At Premier Vision Group's offices in Bowling Green, OH, no patient’s individual fitting needs are too difficult for one office thanks to a fully stocked tool box, a little practice and an intense dedication to ensuring every patient has comfortable, well-fitting eyewear.
THE IDEA: Everyone needs individualized frame fittings and experienced opticians know you can’t fit everybody the same. But some individuals present even greater challenges when it comes to adjusting and customizing their eyewear than the average patient. Often, that requires an opticianry staff that is willing to go above and beyond the usual to ensure the best and most comfortable eyewear fitting experience possible. The Bowling Green location of the three-office Premier Vision Group has just that sort of staff and has collected a little bit of a reputation locally for tackling the toughest jobs for some very special patients.
It wasn’t a specialty they actively pursued; it happened organically. “We’re an established practice, we’ve been around for more than 60 years and it just happened,” says Tami Hagemeyer, lead optician, who’s been with the office for almost five years.
“We have one child in a wheelchair who required head guards to keep his head upright. It caused problems with traditional temples and knocked his frame askew when his head moved,” she says. “We have another gentleman who lost his ear to cancer. He had been an established patient, and after his treatment we had to find a solution to steady his frames. So we really fell into it. When patients come in and present with something challenging. You just do it. You try. You work with the frame until it works.”

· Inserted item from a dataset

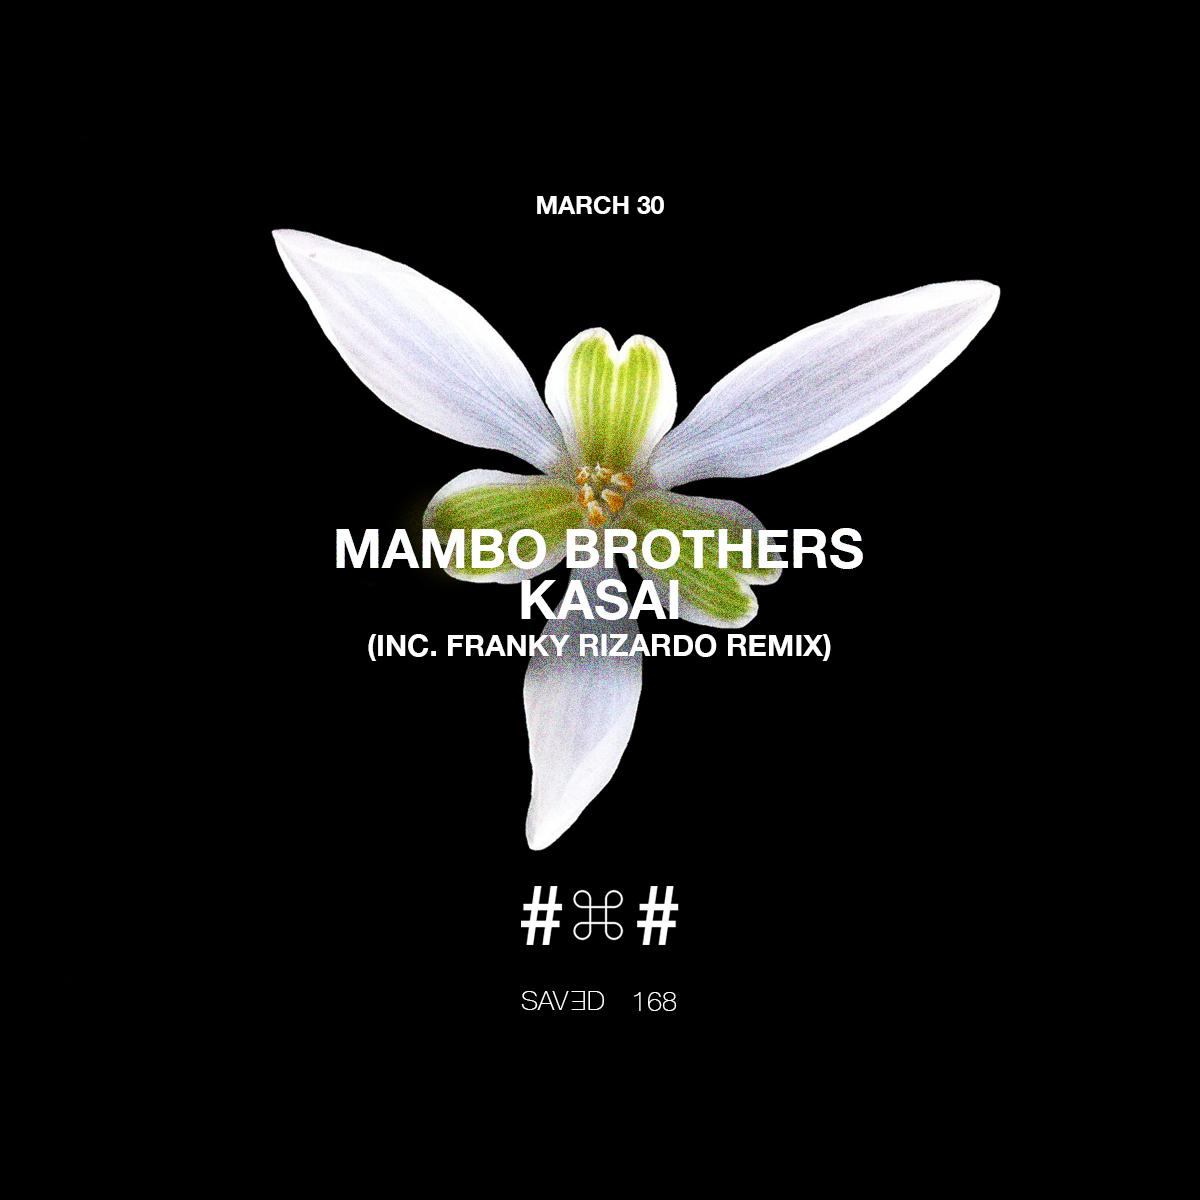 Mambo Brothers release KASAI + Franky Rizardo remix

THE EXECUTION: When Hagemeyer started she asked Dr. Mile Brujic, a partner at Premier Vision Group, about acquiring tools. He gave the OK to buy any tools she needed that would benefit patients.

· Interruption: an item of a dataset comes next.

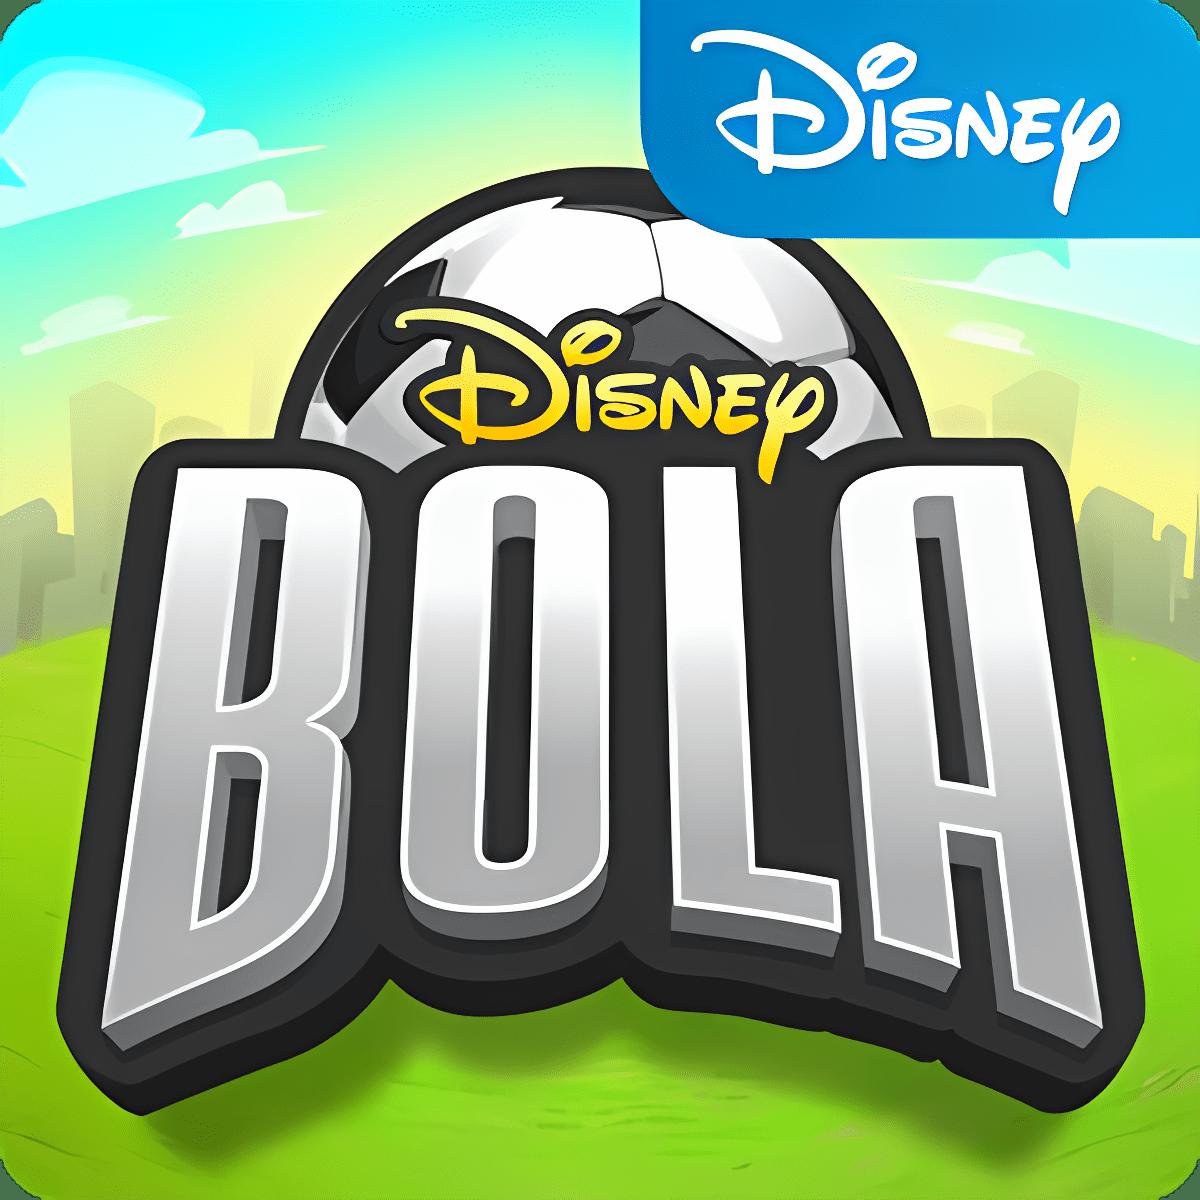 Disney Bola 1.0

Since then she has acquired quite the collection, including several unusual pliers and cable temple converters, as well as specialized cutters for stainless steel and titanium temples. “Nothing lasts very long when you’re cutting metal but we have to make these frames fit these patients,” she says.
Though some of her favorite tools are from Hilco, she also looks outside the usual optical tool suppliers to stock her lab and make sure she can get the job done. In fact, she is already on her second Dremel rotary tool. “I use it more than anyone would expect,” she says. “I use it on temples or if there is sharp edge on a frame or nosepad, I can file it off. I don’t think a Dremel is something you would see in a lot of labs, but I need it. When I started, I got two and sent the other one to one of our other offices. When mine recently stopped working, our office manager told me to take the other one back I had sent. They never even opened the box!”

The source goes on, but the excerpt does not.